In [0]:
# An objective is to find 2 insights
#1. Find 5 items which were sold the most in each province
#2. Promotion effectiveness overall the supermarkets

In [0]:
import pandas as pd
from pyspark.sql.functions import sum, desc, row_number, when, col
from pyspark.sql.window import Window

1. Top 5 items sold in each province

In [0]:
#Step 1: Load Datasets
sales_df = spark.read.csv("/FileStore/tables/sales.csv", header=True)
item_df = spark.read.csv("/FileStore/tables/item.csv", header=True)
promotion_df = spark.read.csv("/FileStore/tables/promotion.csv", header=True)
supermrkt_df = spark.read.csv("/FileStore/tables/supermarket.csv", header=True)

In [0]:
item_df = item_df.withColumnRenamed("descrption", "description")

In [0]:
#Join sales and item tables
sales_items = sales_df.join(item_df, sales_df.code == item_df.code, "left").select(sales_df.code, sales_df.province, sales_df.units, item_df.description)

In [0]:
# Group by item code and province, sum the units sold
province_sales = sales_items.groupBy("code", "province", "description").agg(sum("units").alias("total_units"))

In [0]:
# 2. Define a window to rank items per province
windowSpec = Window.partitionBy("province").orderBy(desc("total_units"))

In [0]:
# 3. Add rank column
ranked_df = province_sales.withColumn("rank", row_number().over(windowSpec))

In [0]:
# 4. Filter top 5 per province
top5_per_province = ranked_df.filter(ranked_df.rank <= 5)

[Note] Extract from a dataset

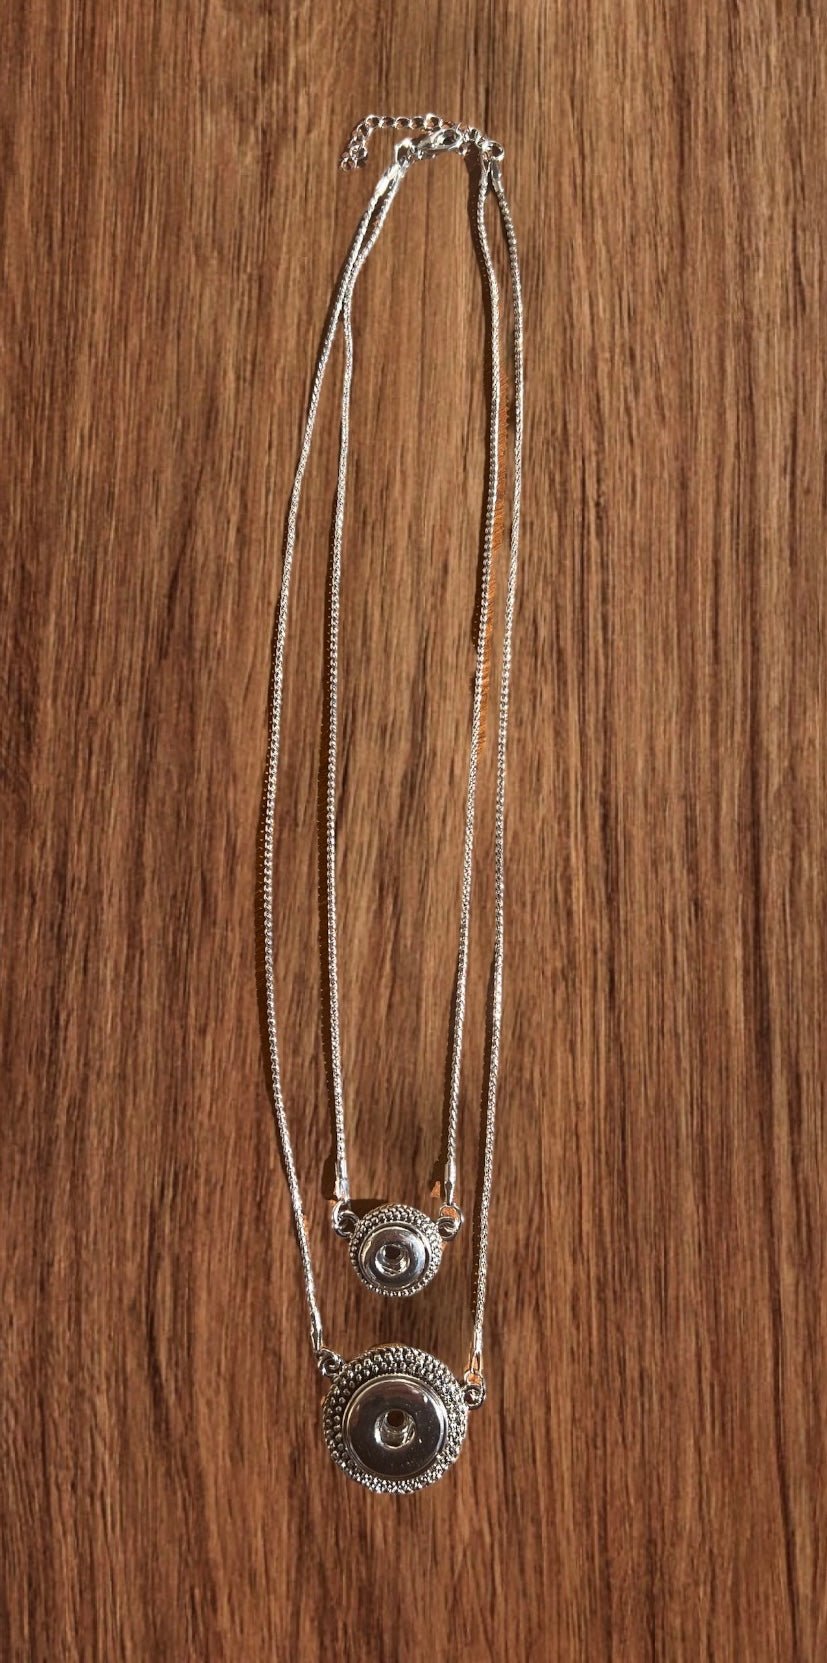 Silver Tone Double Snap Jewelry Necklace Fits One 12MM Snap and One 20MM Snap
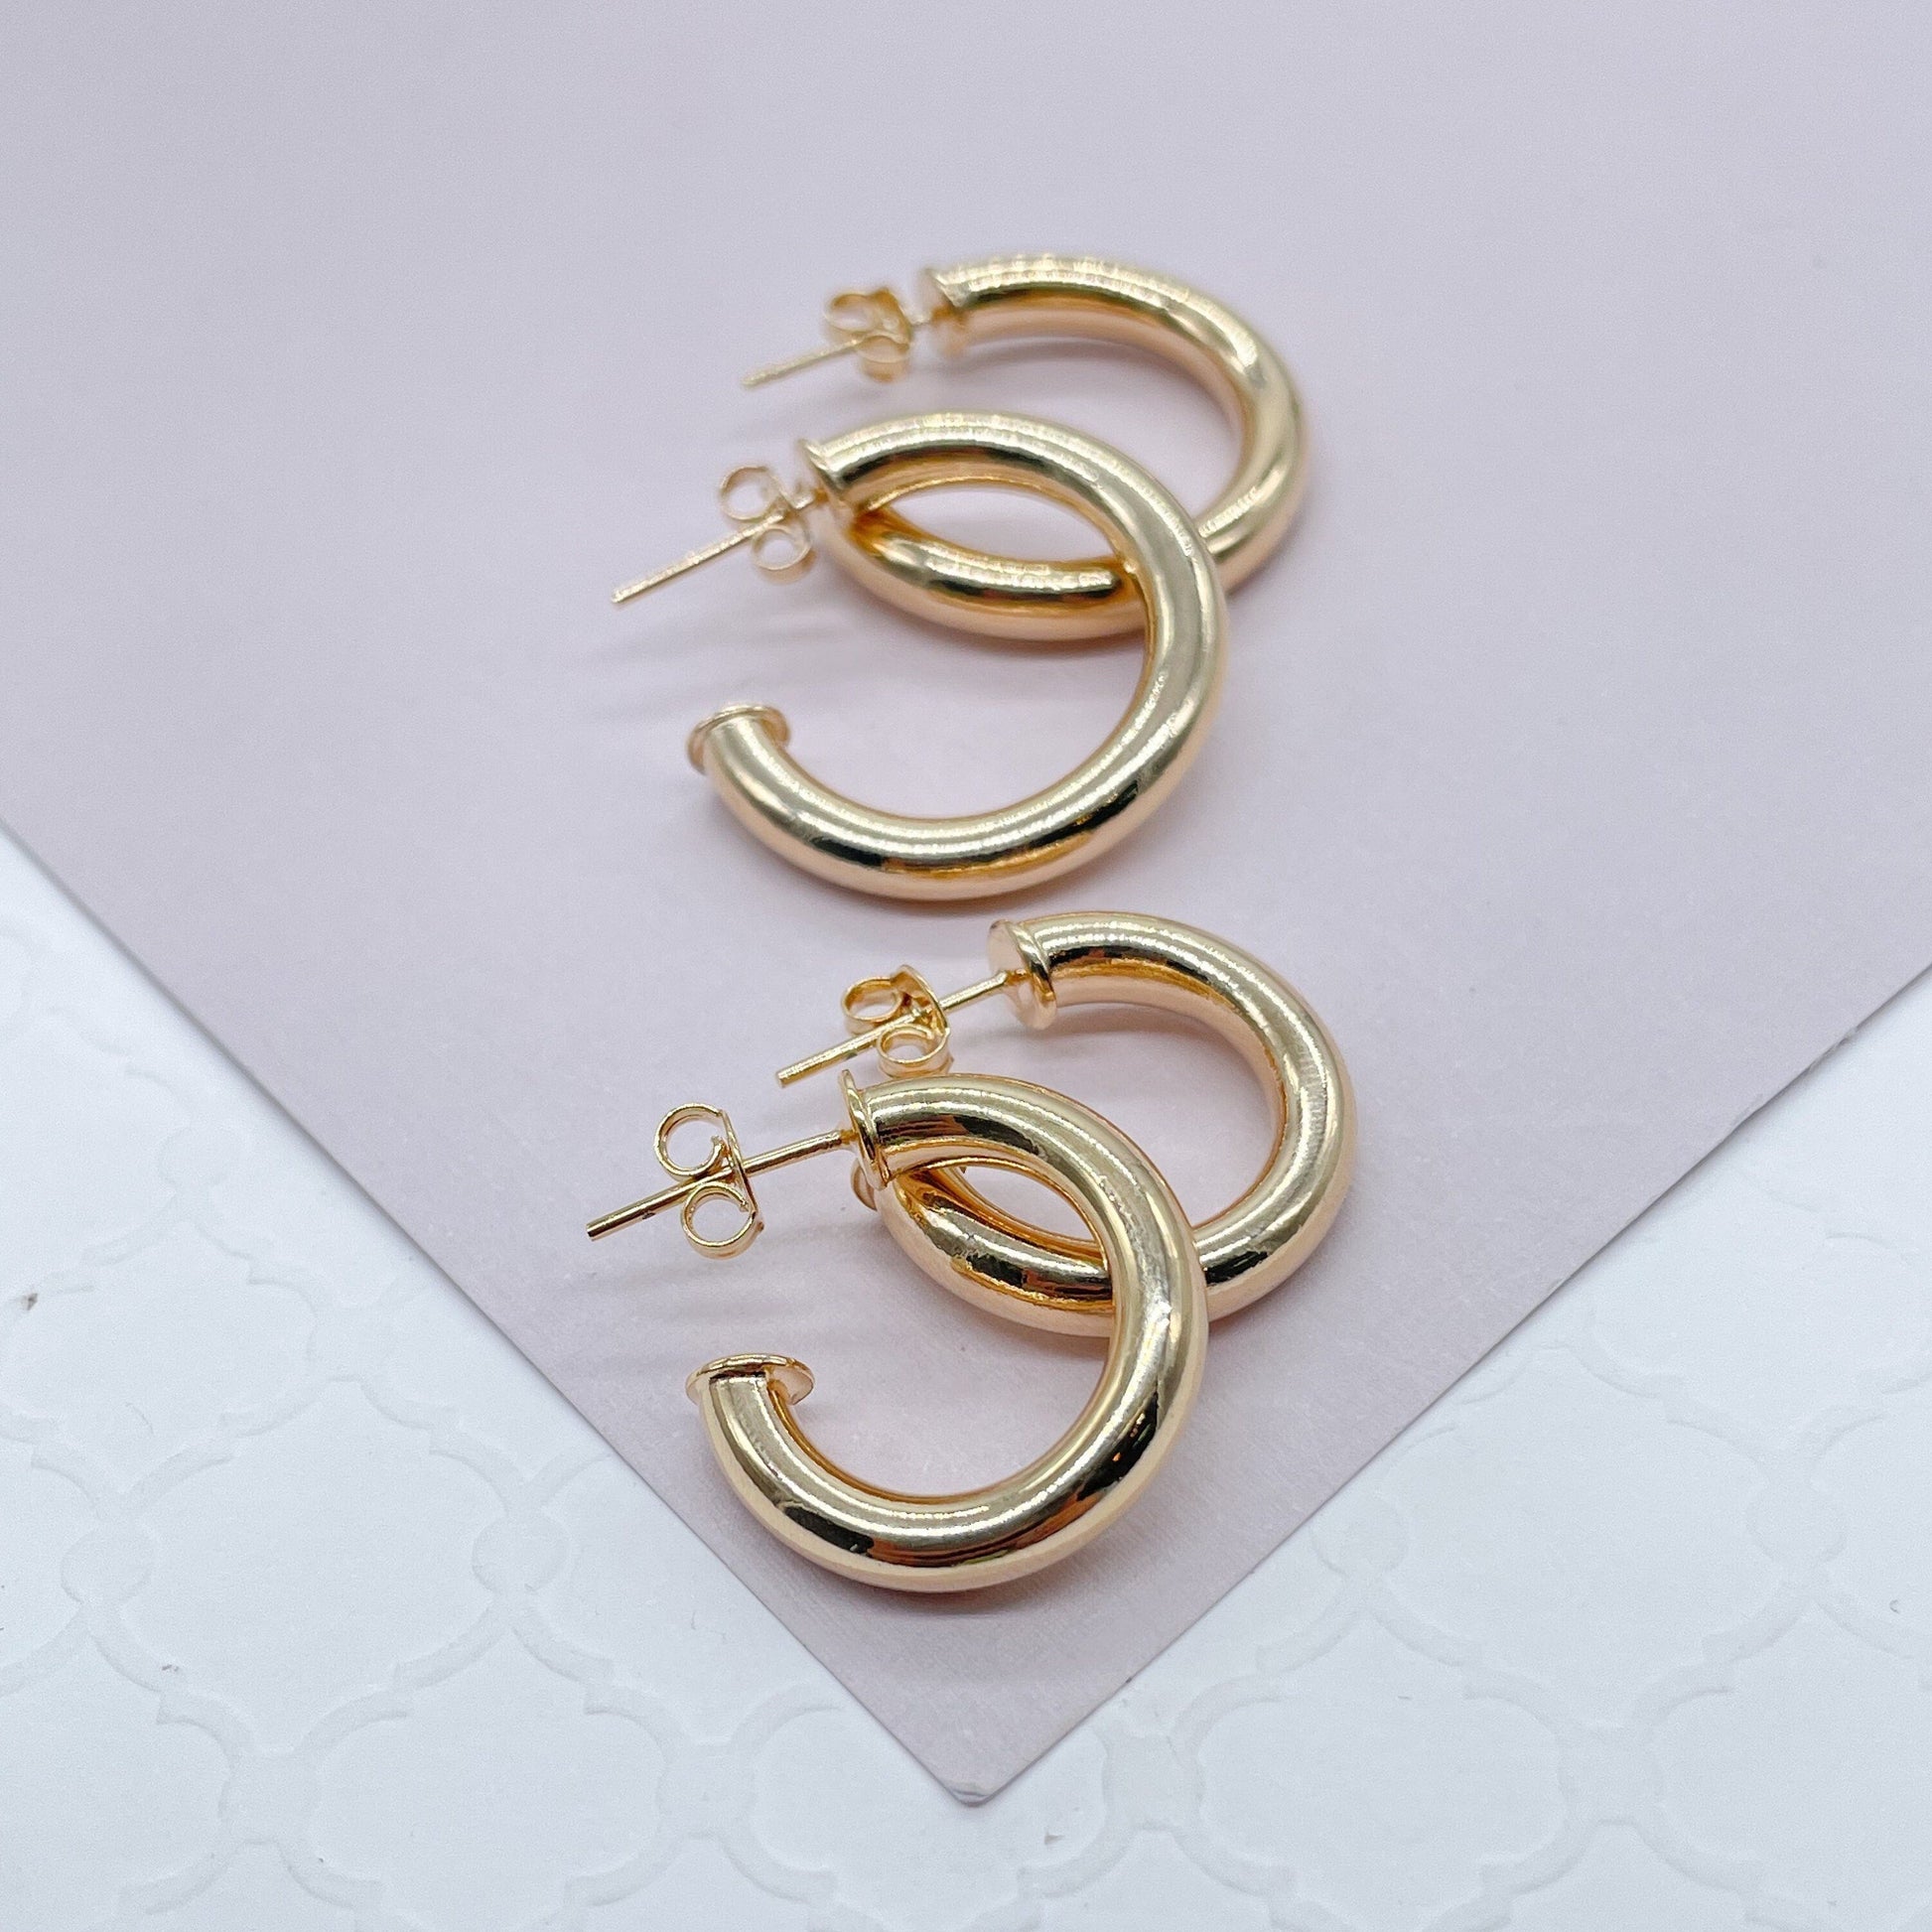 18k Gold Filled 4mm Wide Simple Open Hoop Earrings Available 20mm and 25mm

2. Promotion Effectiveness

In [0]:
#1. Joining Sales with Promotion on 'code' and 'supermarket'
sales_promo_df = sales_df.join(
    promotion_df,
    on=['code', 'supermarket', "province", "week"],
    how='left'
)

In [0]:
sales_promo_df = sales_promo_df.select(
    "code", "supermarket", "province", "amount", "units", "time", "basket", "day", "voucher", "feature", "display", "week"
)

In [0]:
#2. Adding a column to mark if the item was promoted
sales_promo_df = sales_promo_df.withColumn(
    "is_promoted",
    when(col("week").isNotNull(), 1).otherwise(0)
)

In [0]:
#Aggregating sales by promotion
promo_effectiveness = sales_promo_df.groupBy("is_promoted") \
    .agg(
        sum("units").alias("total_units"),
        sum("amount").alias("total_sales")
    )